Your cold correspondent has been following this story with a deep and growing sense of revulsion -- because it is happening at all, and because aside from a few journalists and a few bloggers, it really doesn't look as if anyone cares. (For links to previous articles about these atrocities, see this post.)
While NATO is now in overall command of the military operations in the country, many of the most serious episodes of civilian deaths have involved United States counterterrorism and Special Operations forces that operate separately from the NATO command.

NATO, which now has 35,000 soldiers in the country, has emphasized its concern about keeping civilian casualties to a minimum. Yet NATO, too, has been responsible for civilian casualties over the past year, as it has relied on air power to compensate for a shortage of troops, an American military official who has served in Afghanistan said in a recent interview.
In other words, the USA cannot muster the political will to send hundreds of thousands of soldiers into a country which has never attacked us, so instead Americans bomb civilians from the air to "compensate".

And what sort of response do we see? Spin. Hypocrisy. Damage control. That's all.
The subject of civilian casualties was the source of intense discussion on Wednesday in Brussels when the NATO secretary general, Jaap de Hoop Scheffer, met with the North Atlantic Council, the top representatives of the coalition. But the conversation was less about how to reduce casualties, according to participants, than about how to explain them to European governments, who say their troops are there for reconstruction, not hunting the Taliban or terrorists.
Take a deep breath and let that one sink in, will you? "The conversation was less about how to reduce casualties ... than about how to explain them."
“The Europeans are worried about a lack of clarity about who is responsible for the counterterror mission,” said one participant in the debate. “They are worried that if NATO appears responsible for these casualties, it will result in a loss of support” for keeping forces in Afghanistan.
Loss of support? What support? Counterterror? What counterterror?
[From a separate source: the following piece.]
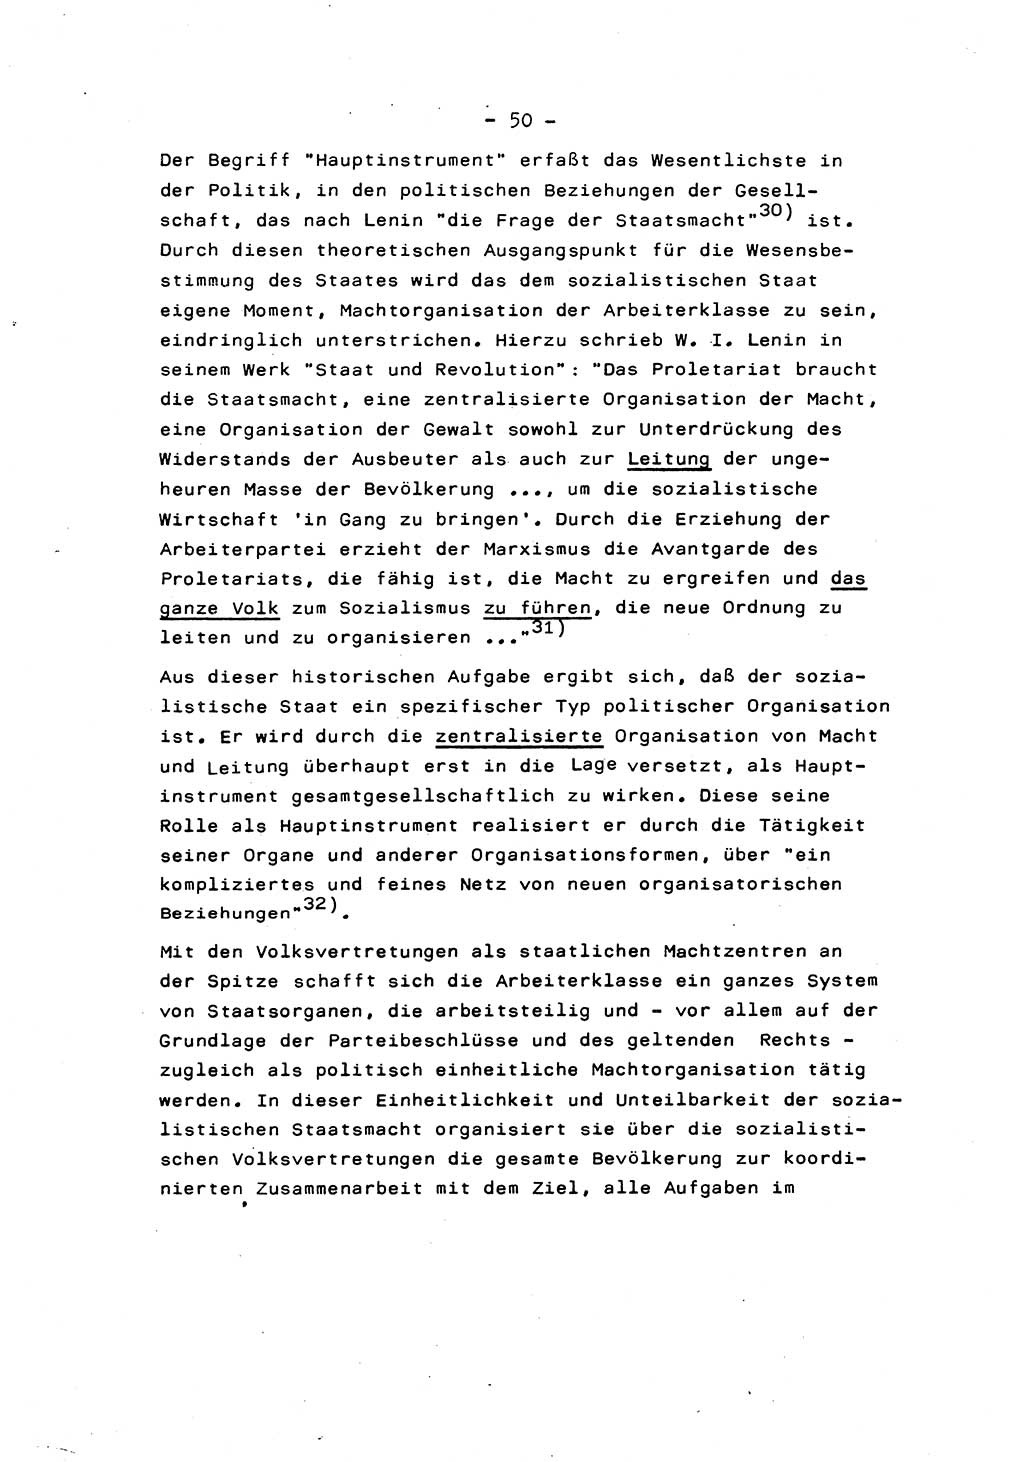 Marxistisch-leninistische Staats- und Rechtstheorie [Deutsche Demokratische Republik (DDR)] 1975, Seite 50 (ML St.-R.-Th. DDR 1975, S. 50)

If bombing the homes of unarmed civilians doesn't qualify as terror, what does?
It is not only the Americans whose practices are being questioned. NATO soldiers have frequently fired on civilians on the roads...

The public mood hardened against foreign forces in the southern city of Kandahar after British troops fired on civilians while driving through the streets after a suicide bombing last year, and Canadian soldiers have repeatedly killed and wounded civilians while on patrol in civilian areas.
No, it's not just the Americans who have been killing civilians; but it is America's war.
“This is a big mistake the Americans are making,” said Nasrullah Khan [...] “If the Americans are here for peace, this is not the way.”
But there's the rub. The Americans are not in Afghanistan for peace, and this is their way.

It's not a mistake. It's a deliberate policy of murder and theft. And it will go on until we -- we the people -- put an end to it.

So ... Do we have the strength? Do we have the resources? Do we have any means at all of controlling our government?

At this time, from this cold blogger's perspective, the objective answer to all these questions would seem to be an unqualified "No".

But I am willing to be proven wrong.